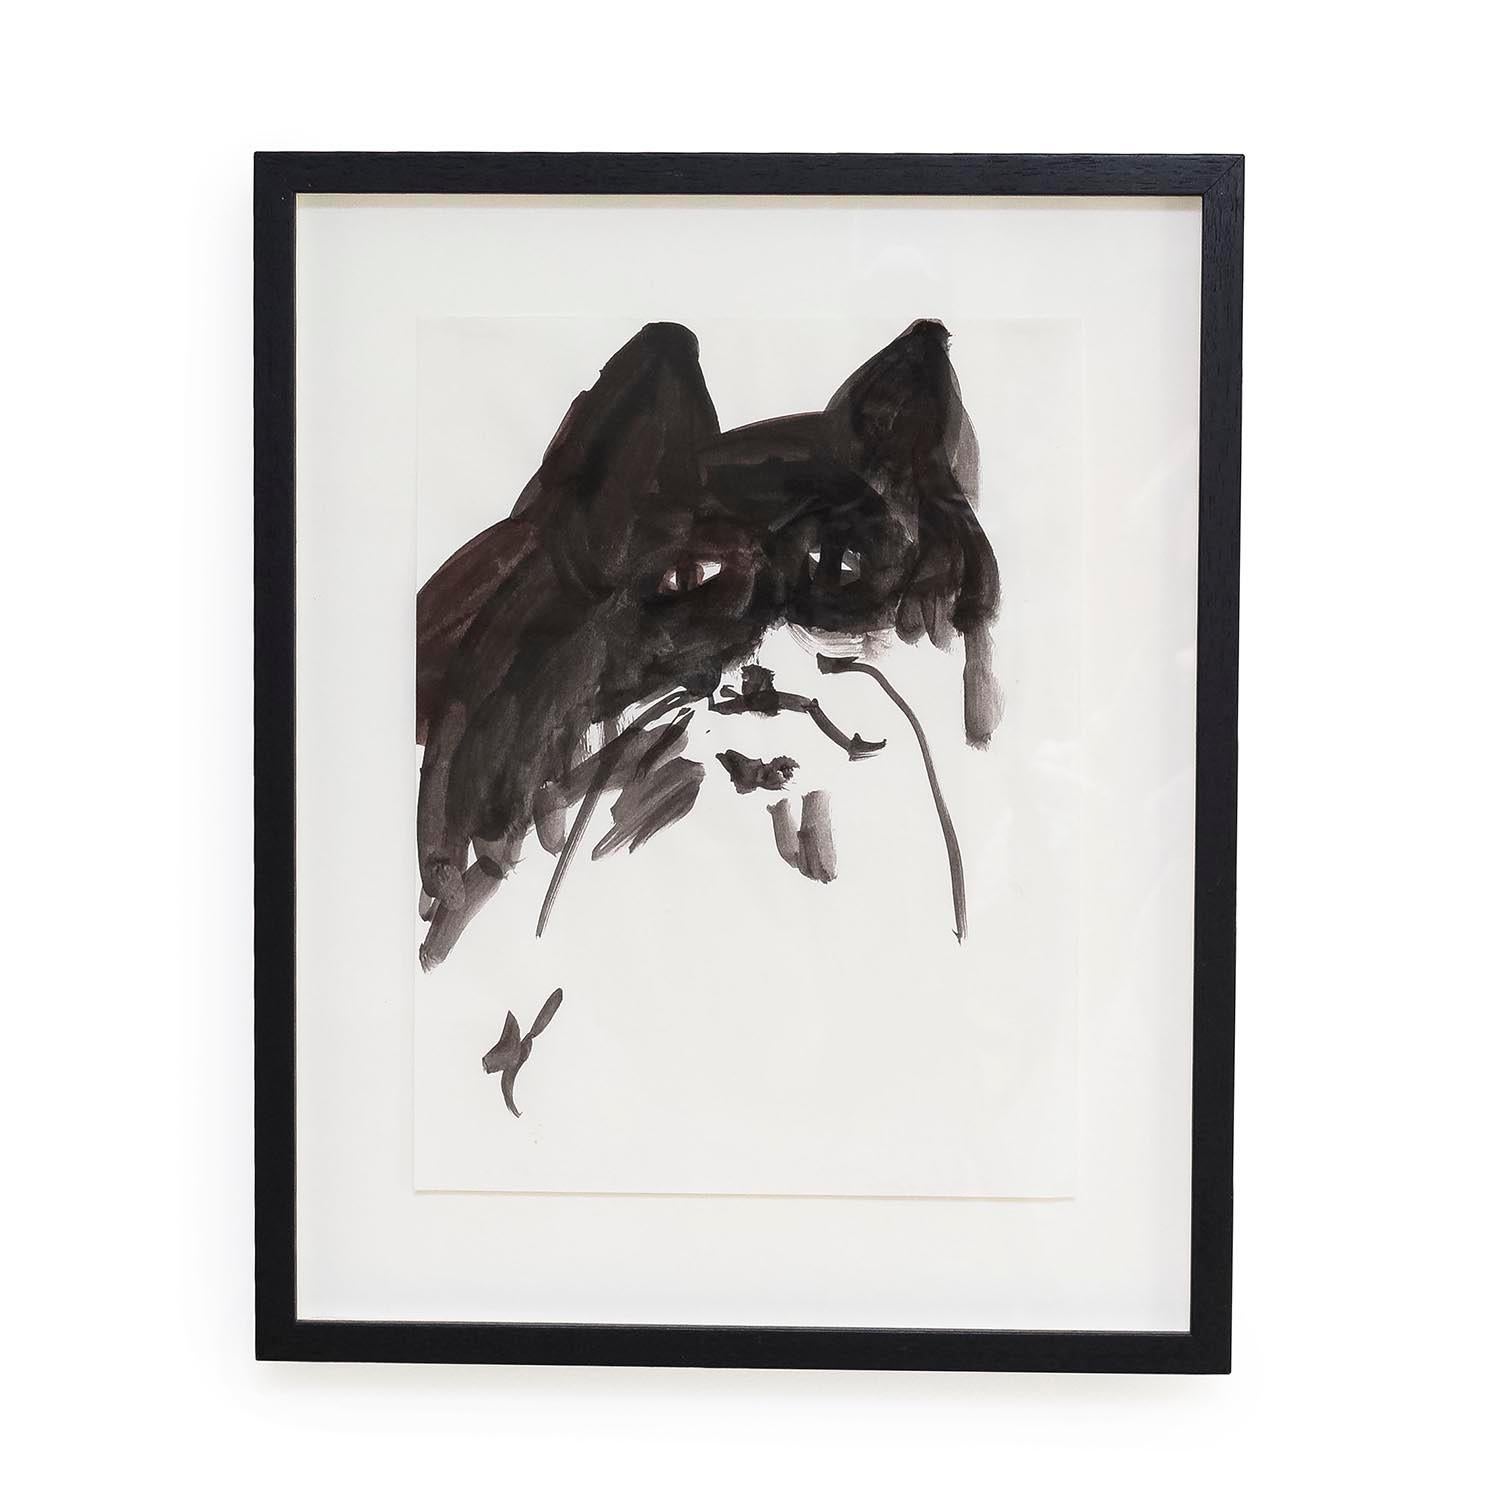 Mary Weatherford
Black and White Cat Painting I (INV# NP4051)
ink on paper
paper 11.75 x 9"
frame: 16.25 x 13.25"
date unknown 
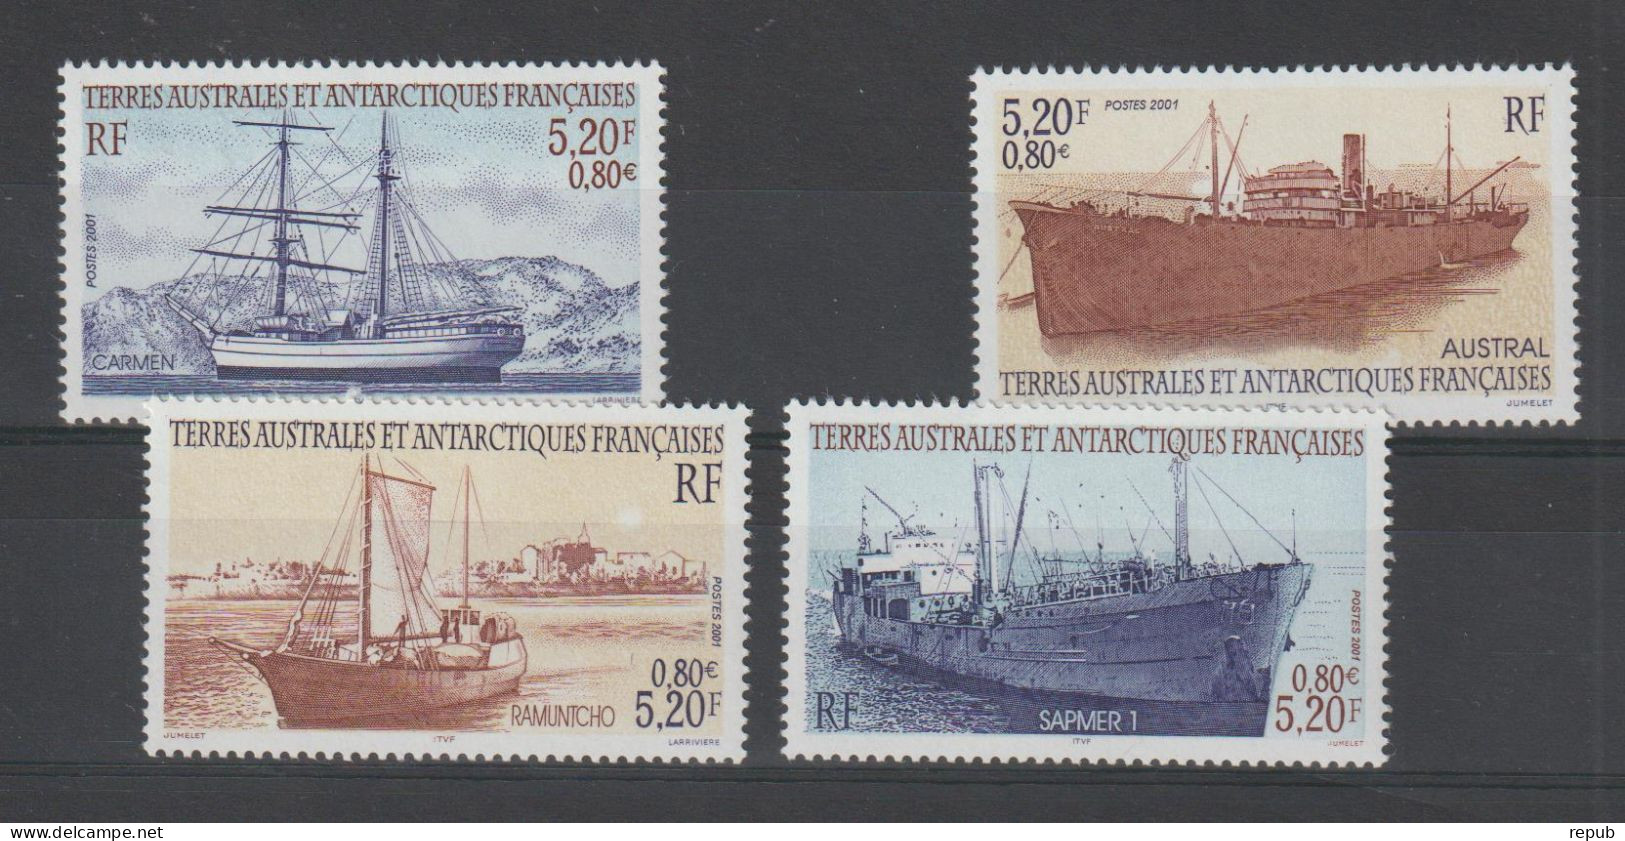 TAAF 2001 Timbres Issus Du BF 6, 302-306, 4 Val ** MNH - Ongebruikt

* * *

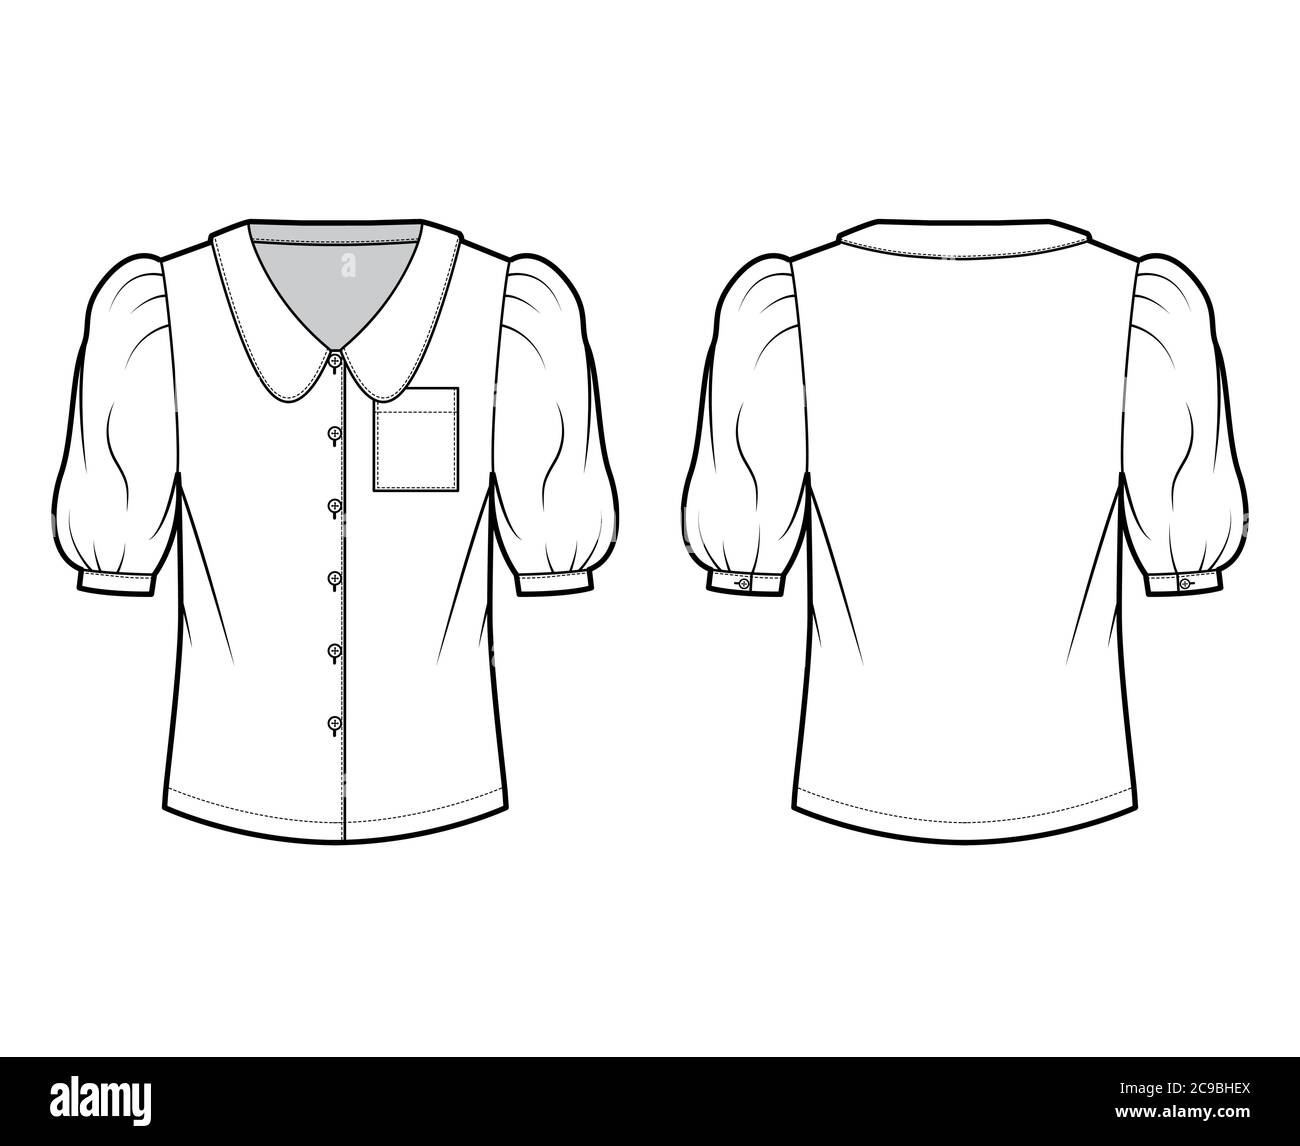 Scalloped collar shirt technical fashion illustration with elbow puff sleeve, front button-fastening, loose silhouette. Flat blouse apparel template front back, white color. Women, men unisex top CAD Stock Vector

==

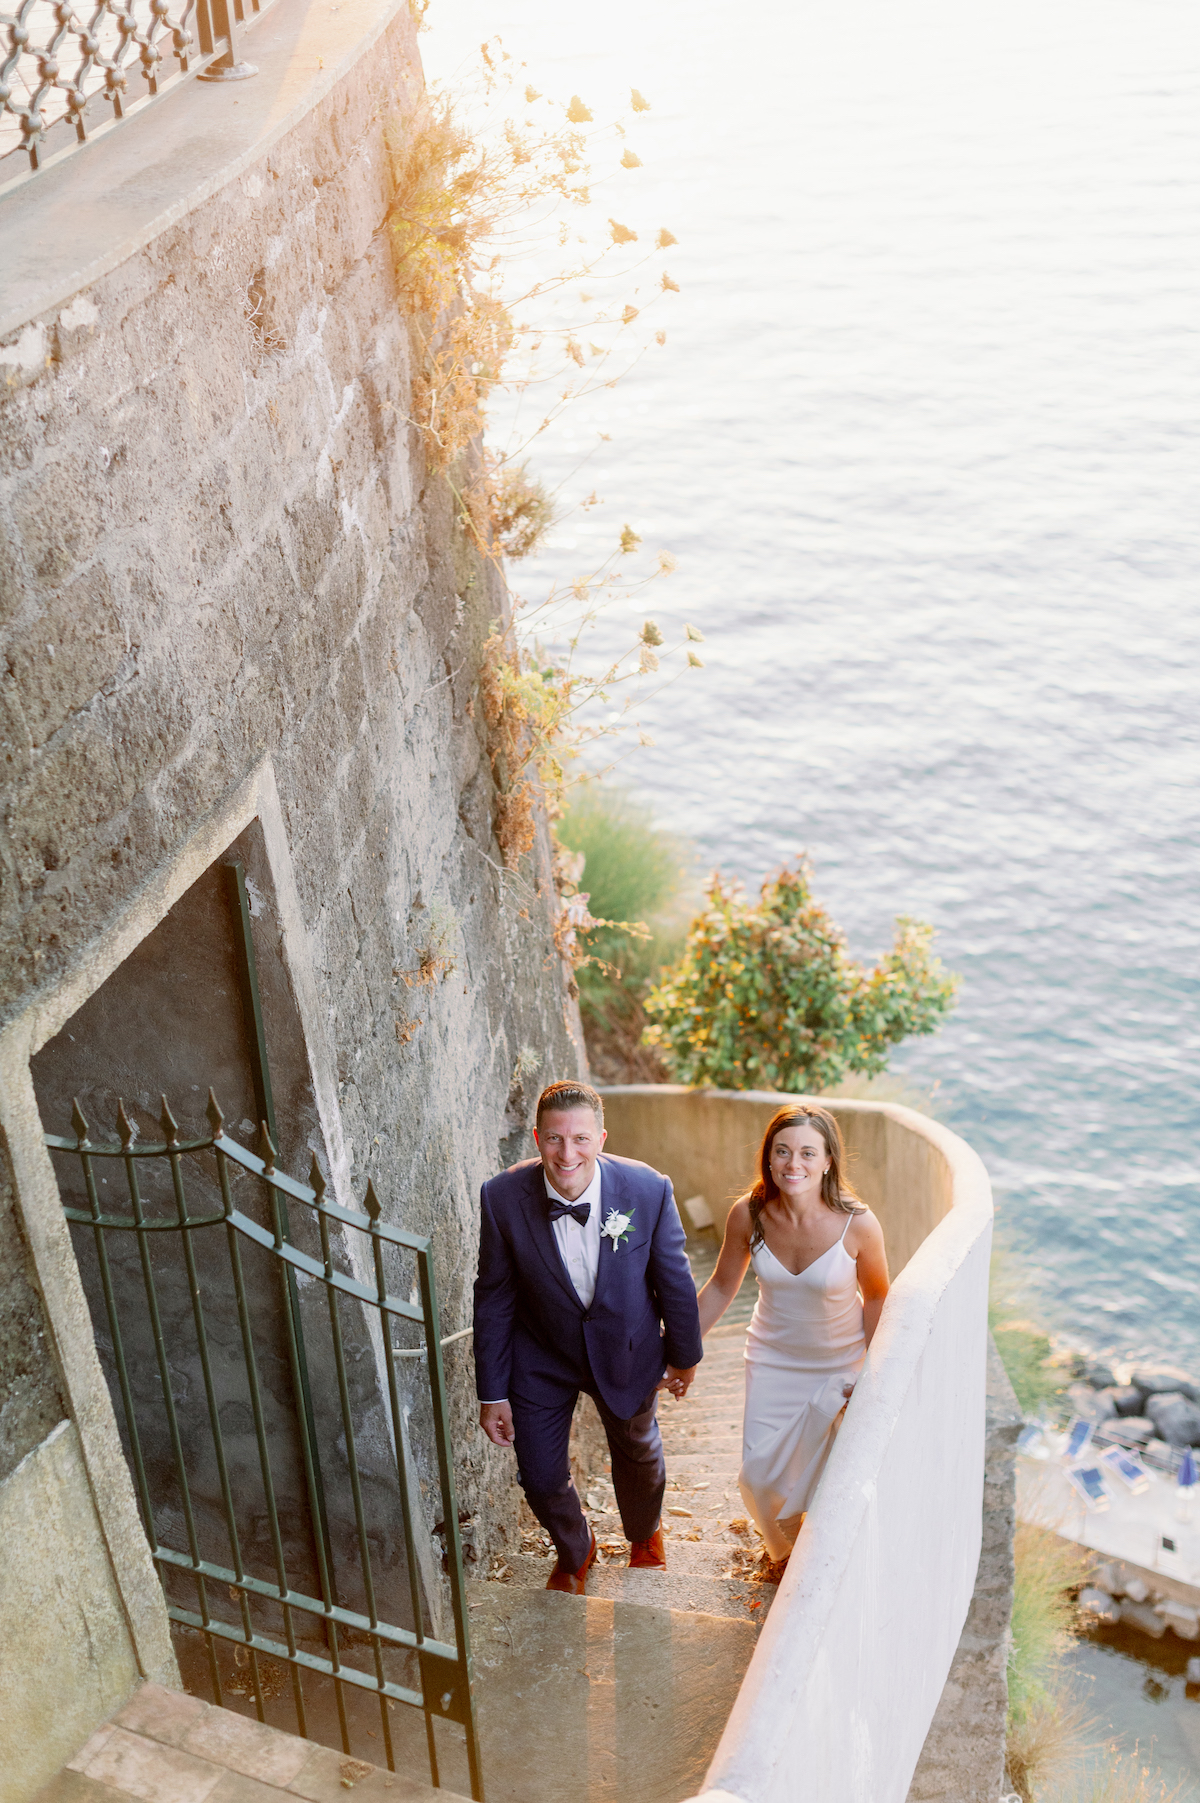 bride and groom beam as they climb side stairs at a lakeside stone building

◆ **Exercise aim**
Both the line above containing "frame: 16.25 x" and the line containing "TAAF 2001 Timbres" belong in the copy, along with every line between them; print these exactly and omit the pictures.

◆ **Result for this task**
frame: 16.25 x 13.25"
date unknown 
 TAAF 2001 Timbres Issus Du BF 6, 302-306, 4 Val ** MNH - Ongebruikt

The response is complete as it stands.